> **BRIEF**: Begin the copy at the line containing "Sharpe's Regiment - DvD 9" in the data below and end it at the line containing "Fotografia de uma", keeping each line exact and leaving out pictures.

> **THE DATA**:
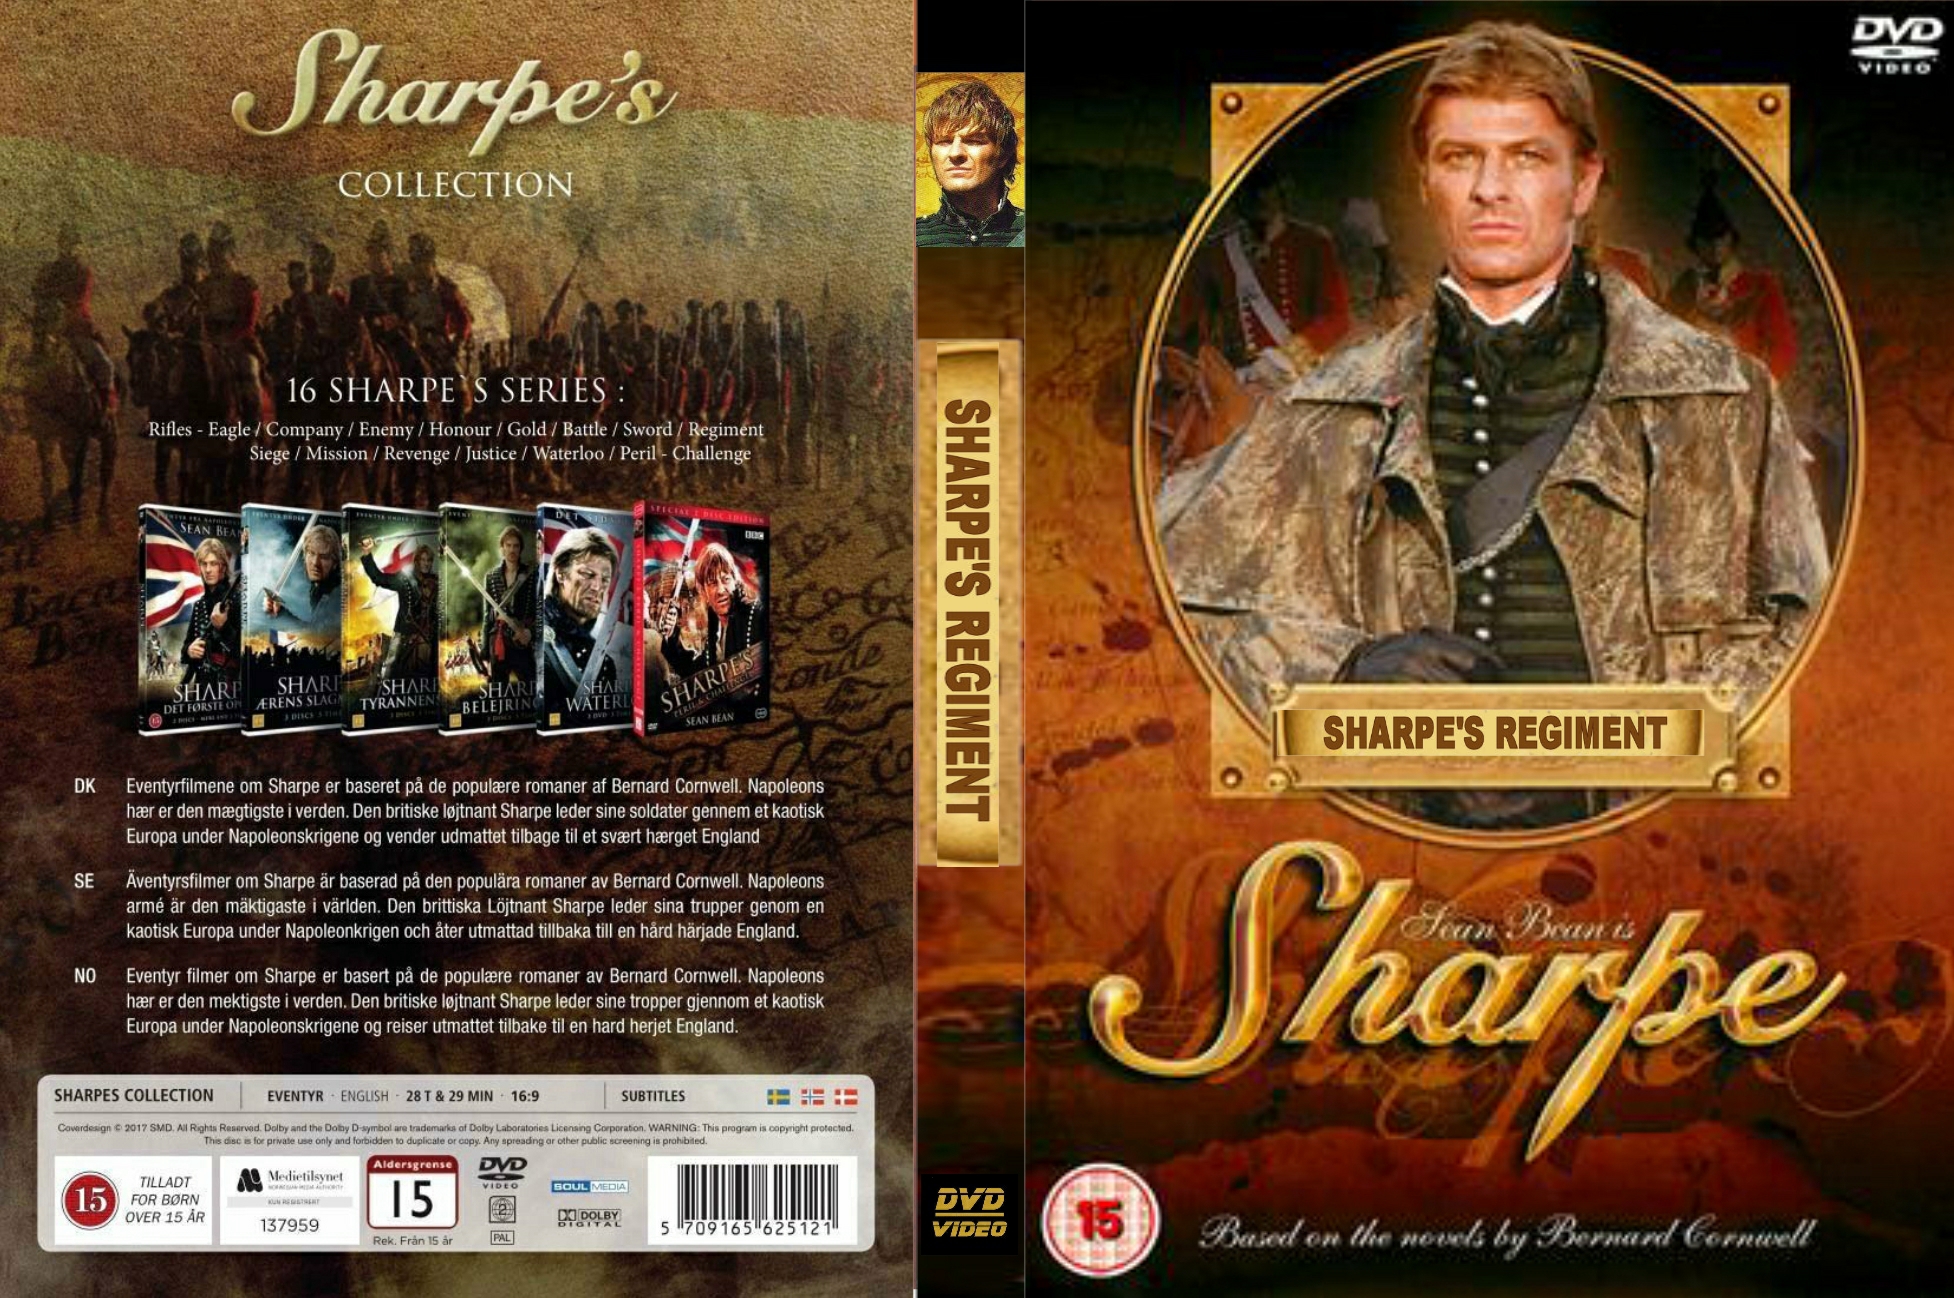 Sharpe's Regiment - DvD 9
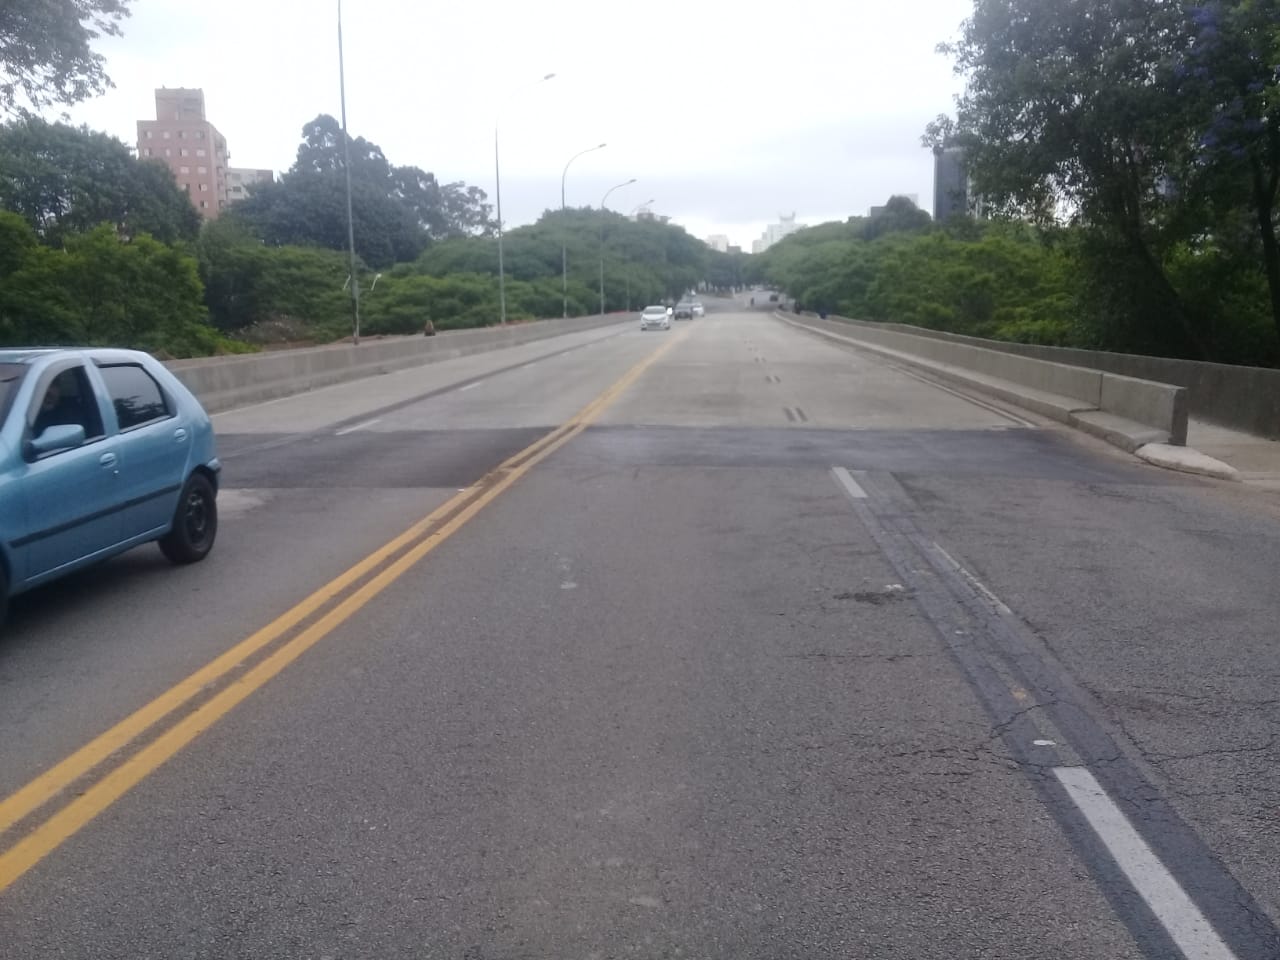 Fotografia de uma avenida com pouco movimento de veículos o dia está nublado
--
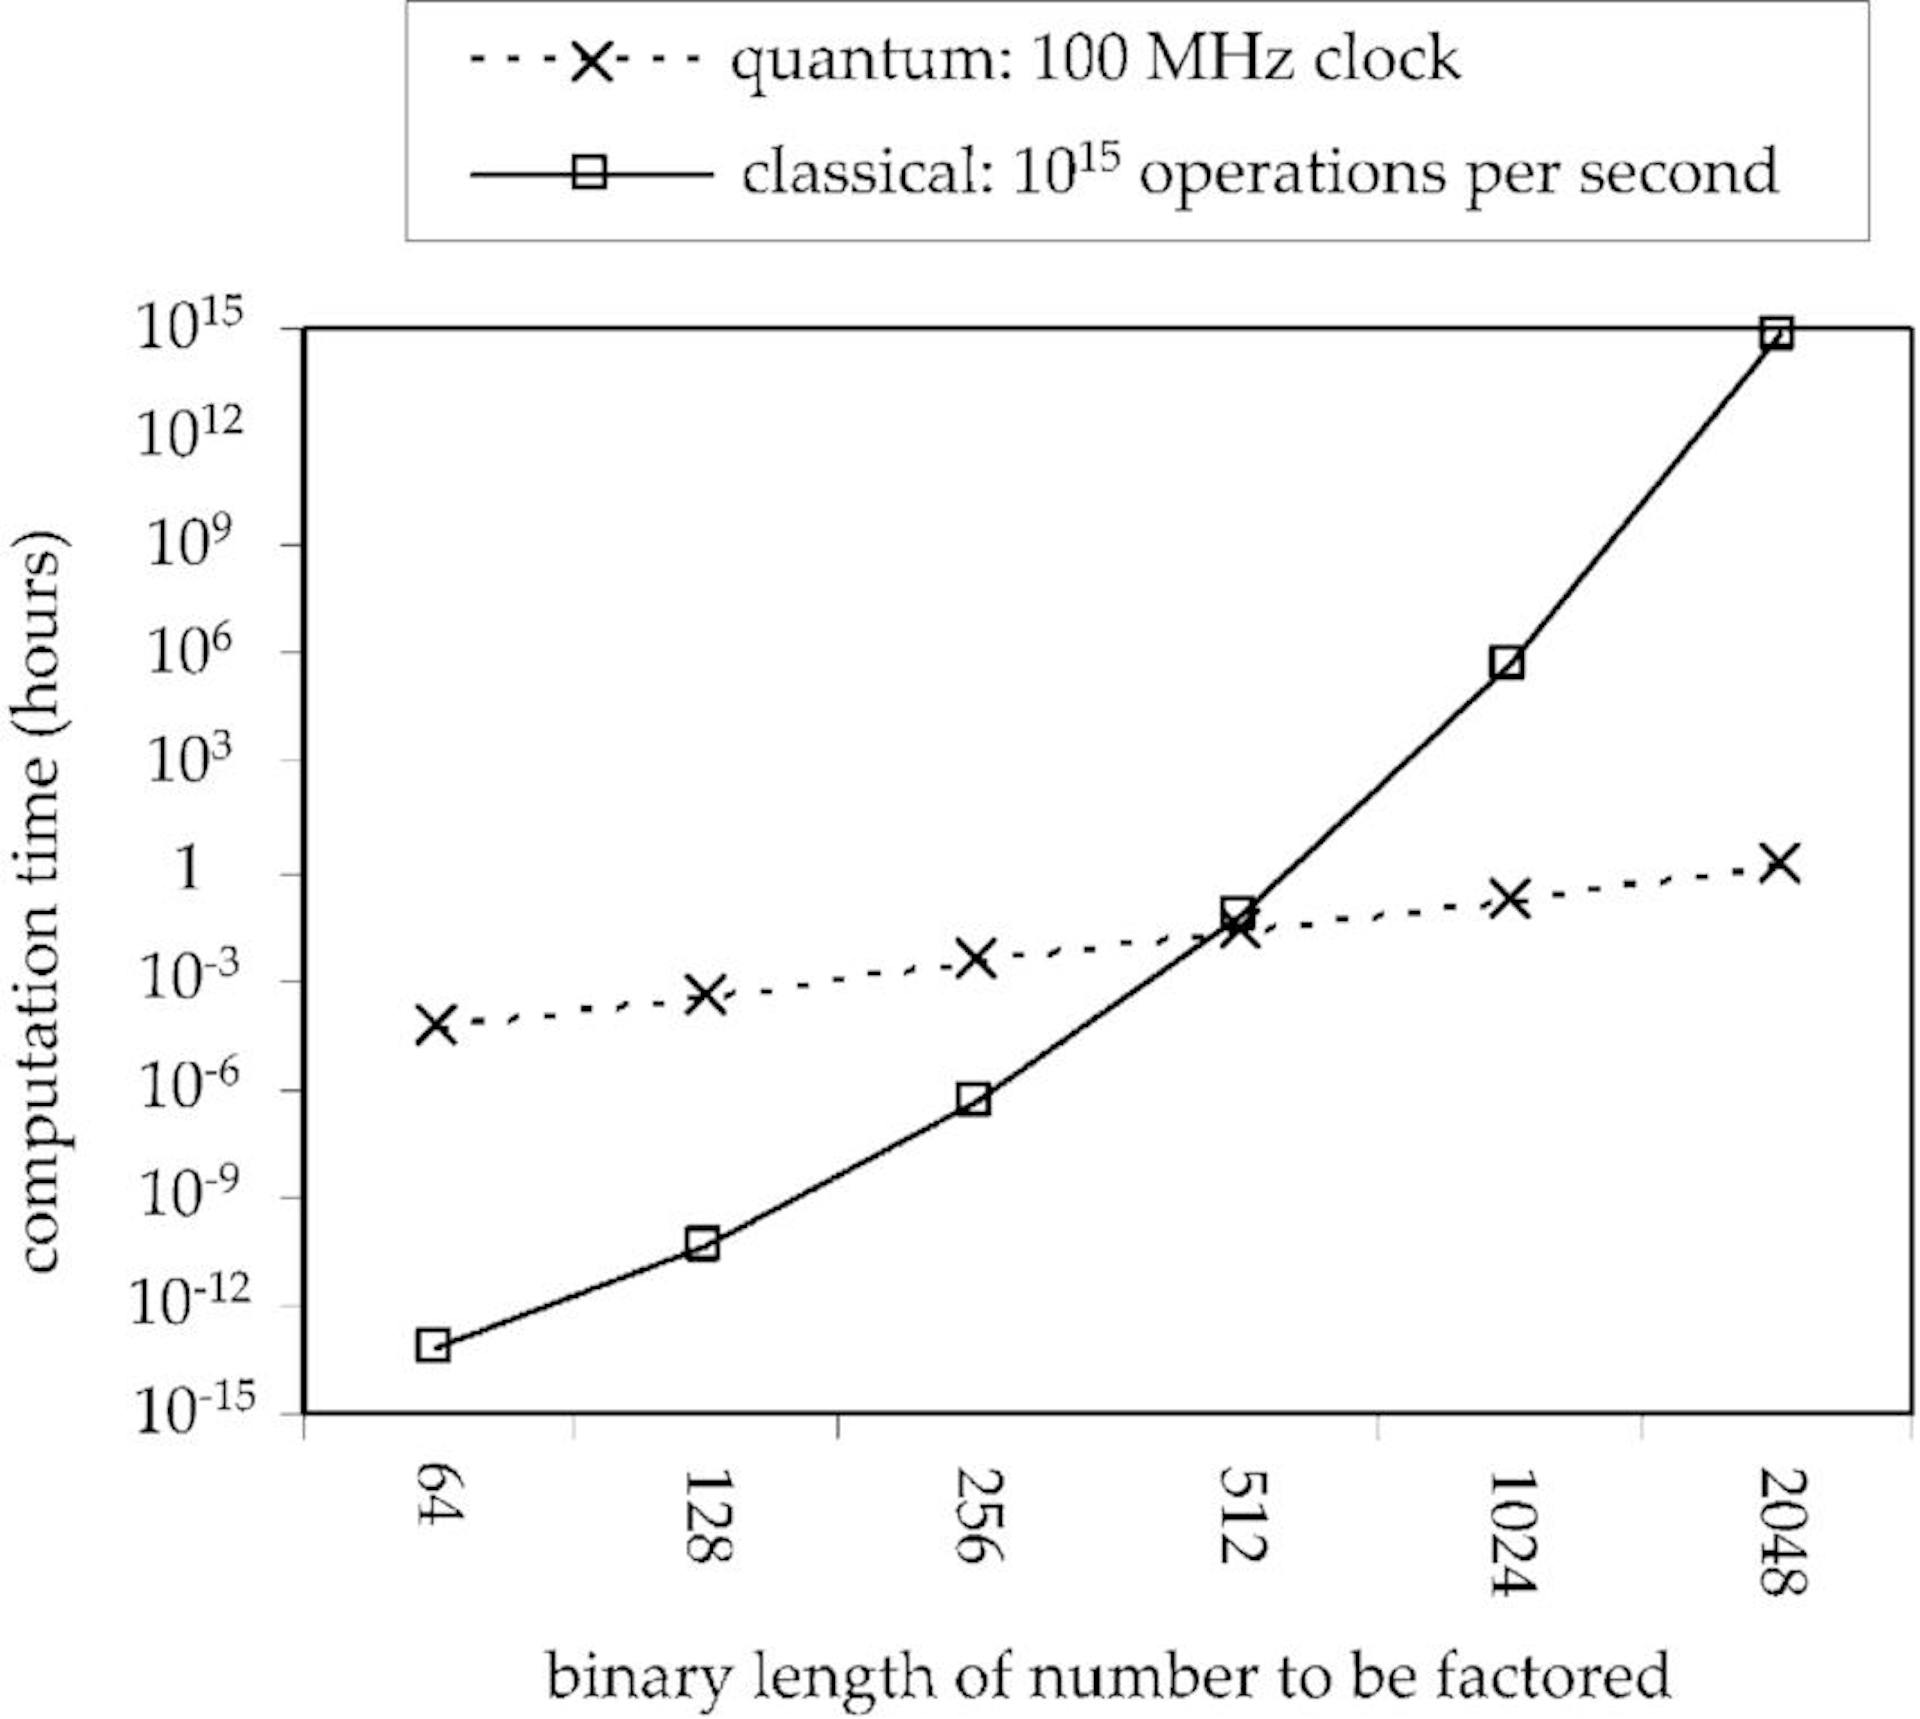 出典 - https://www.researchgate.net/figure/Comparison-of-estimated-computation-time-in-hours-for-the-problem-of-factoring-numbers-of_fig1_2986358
...
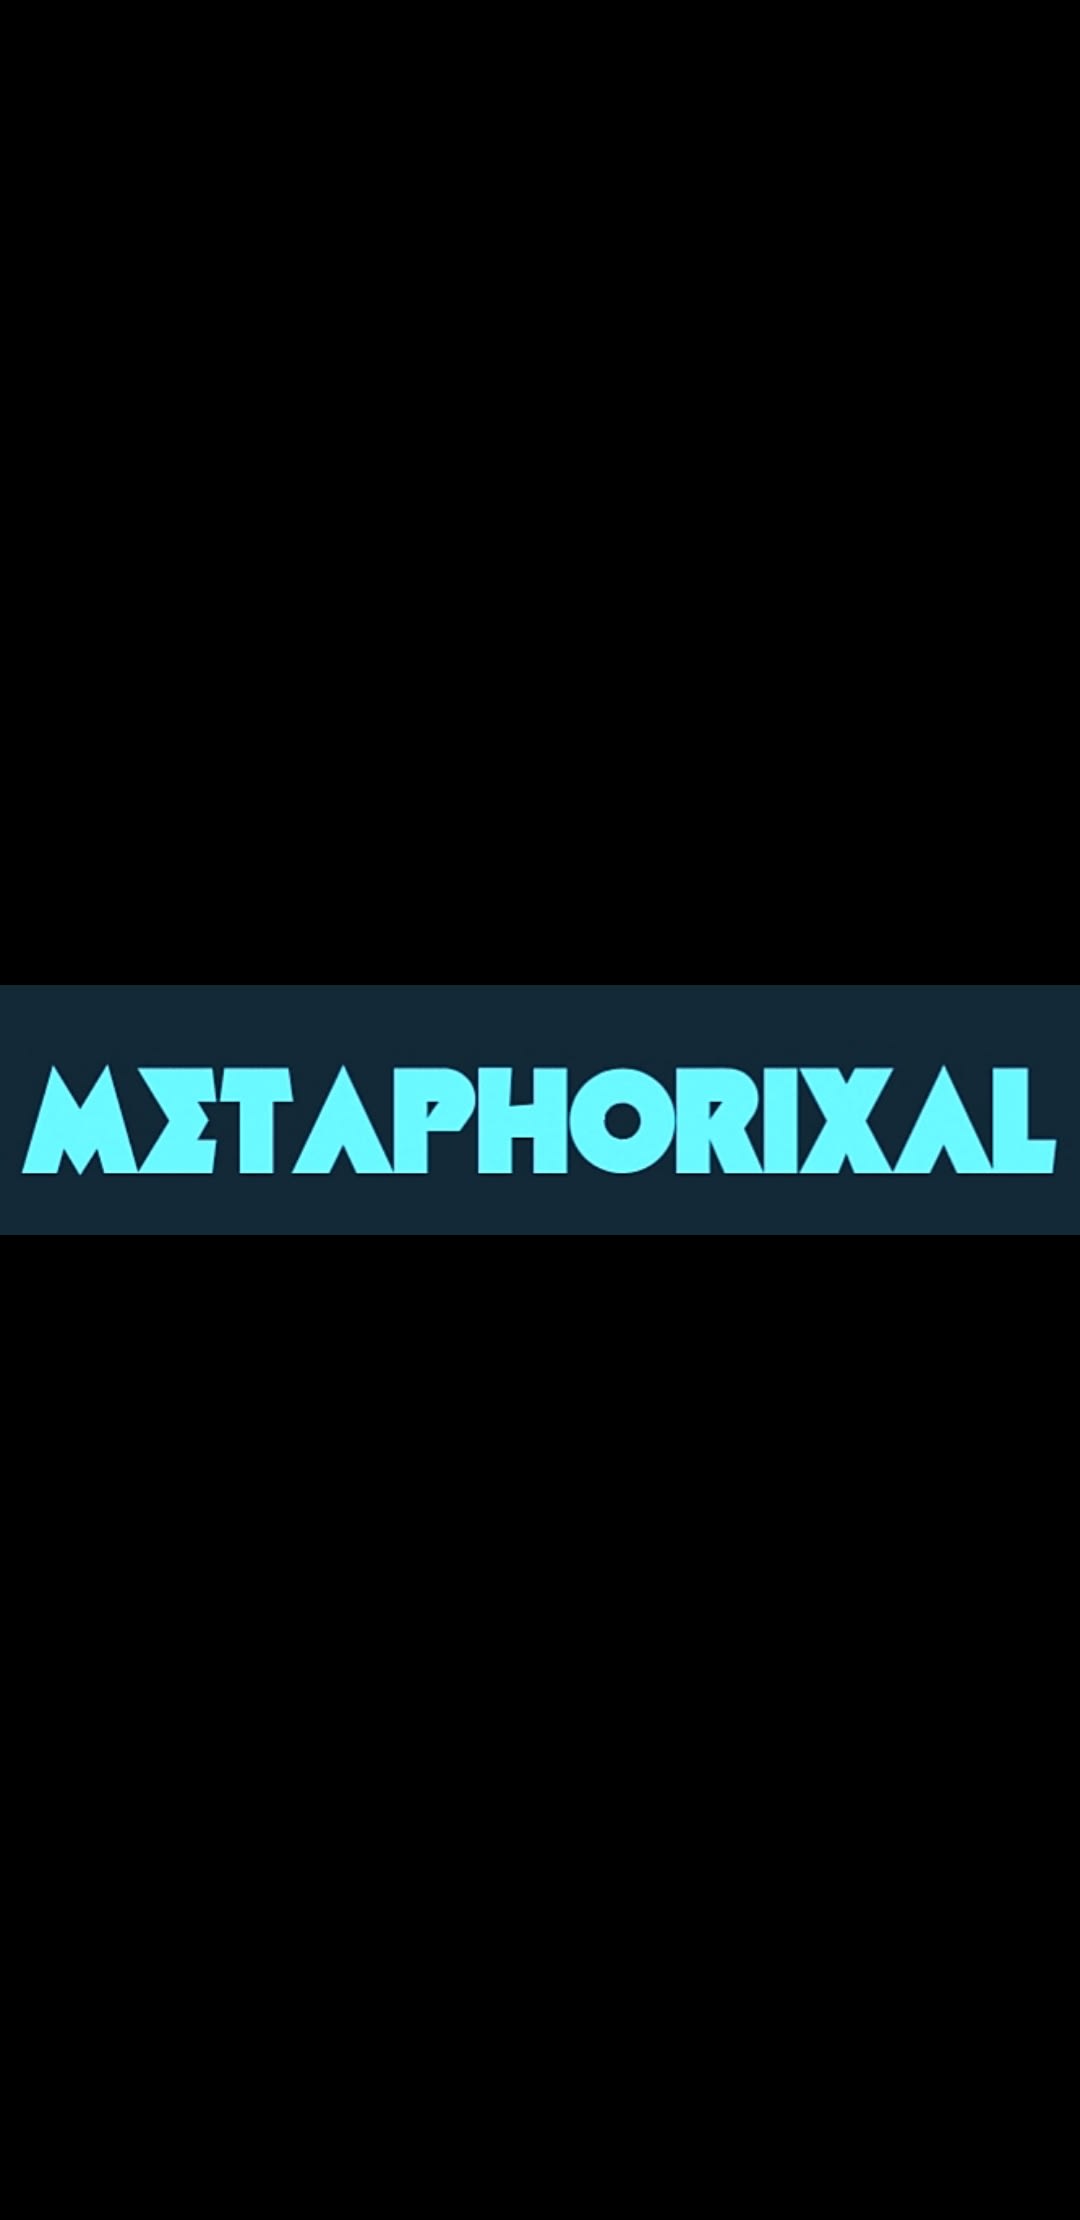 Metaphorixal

> **SOLUTION BELOW**:
 Sharpe's Regiment - DvD 9
 Fotografia de uma avenida com pouco movimento de veículos o dia está nublado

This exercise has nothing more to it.